* _Work required_:
Without including the pictures, copy each line below exactly as it reads.

* _Dataset excerpt_:
────────────────────────────────────────

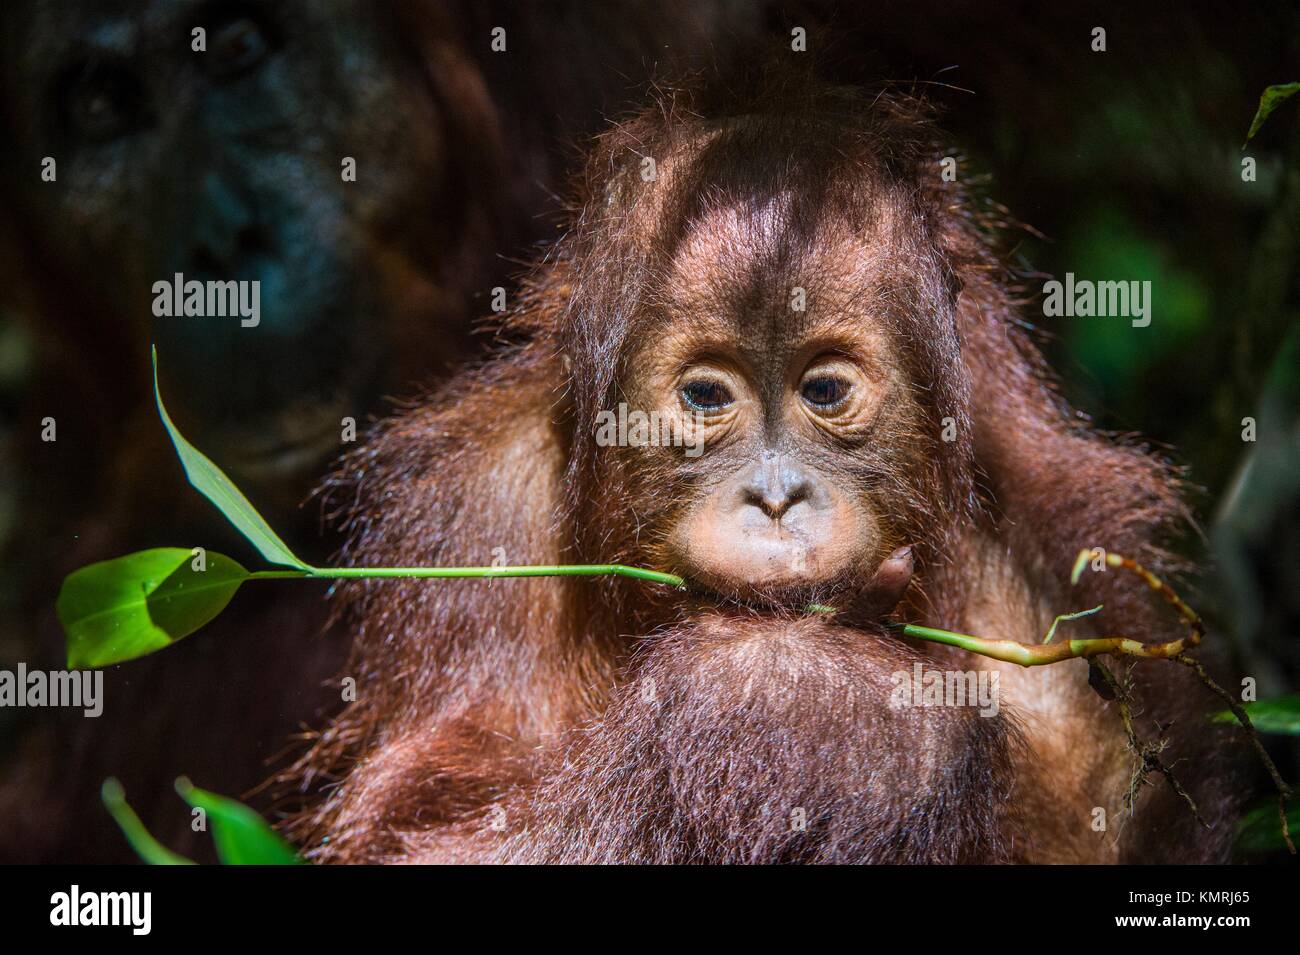 Bébé orang-outan (Pongo pygmaeus). Le portrait de cub f de l'orangutanon avec feuille verte sur le fond sombre. Orang-outan (Pongo py Banque D'Images
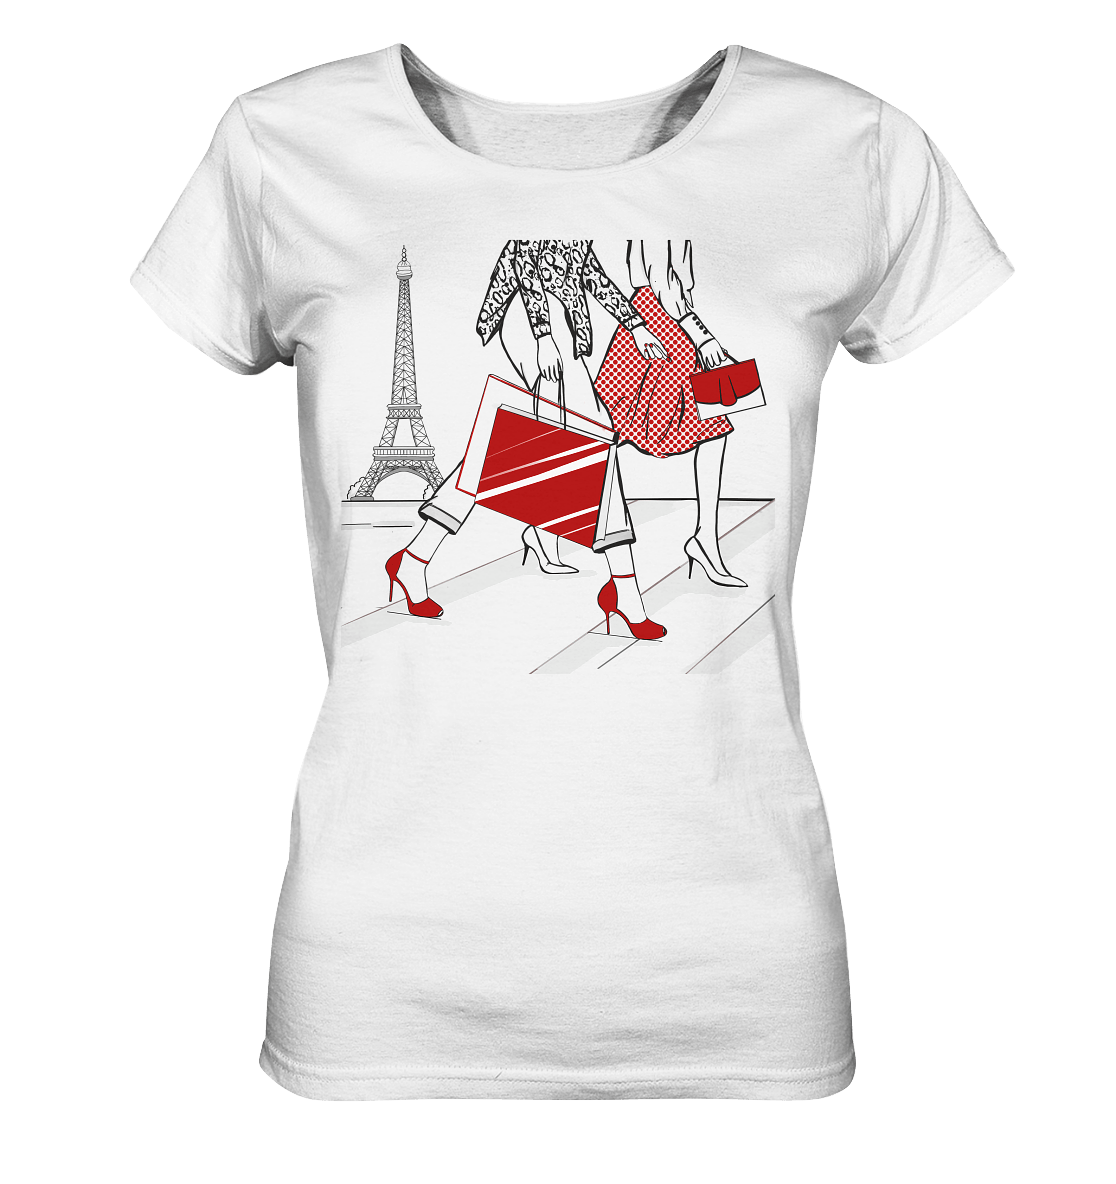 Damen T-Shirt mit Fashion Design mit Eifelturm und laufenden Damen schwarz rot weiss Sketch von Bloominic kaufen
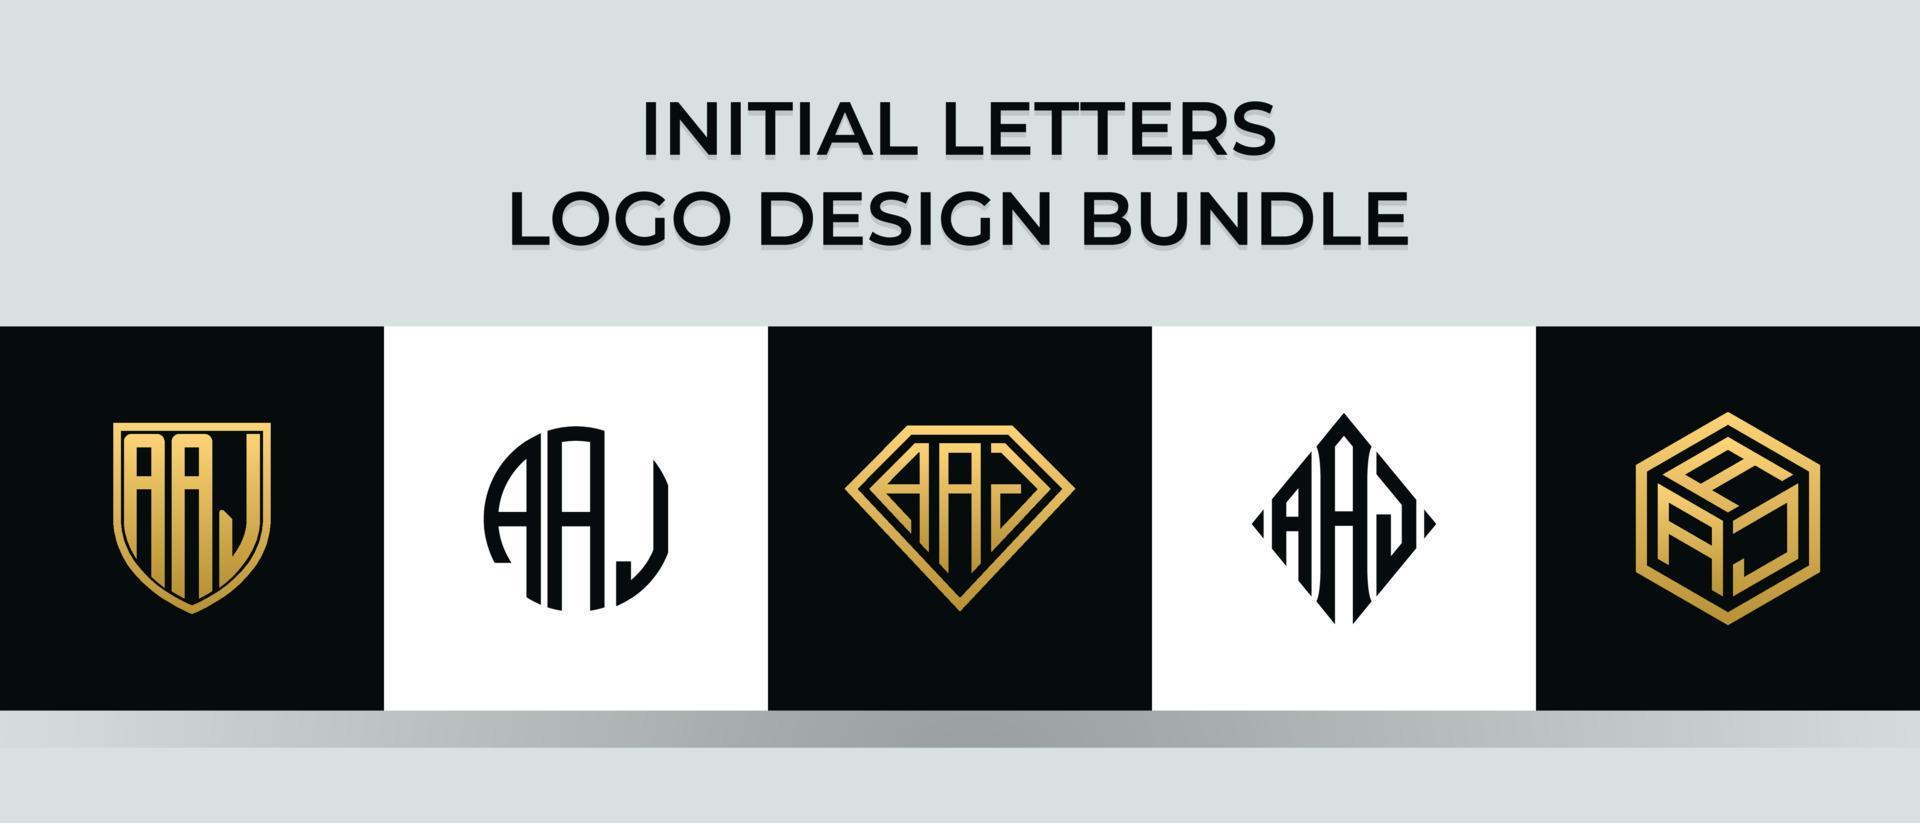 lettere iniziali aaj logo design bundle vettore

────────────────────────────────────────

* _Response to the exercise_:
 Bébé orang-outan (Pongo pygmaeus). Le portrait de cub f de l'orangutanon avec feuille verte sur le fond sombre. Orang-outan (Pongo py Banque D'Images
 Damen T-Shirt mit Fashion Design mit Eifelturm und laufenden Damen schwarz rot weiss Sketch von Bloominic kaufen
 lettere iniziali aaj logo design bundle vettore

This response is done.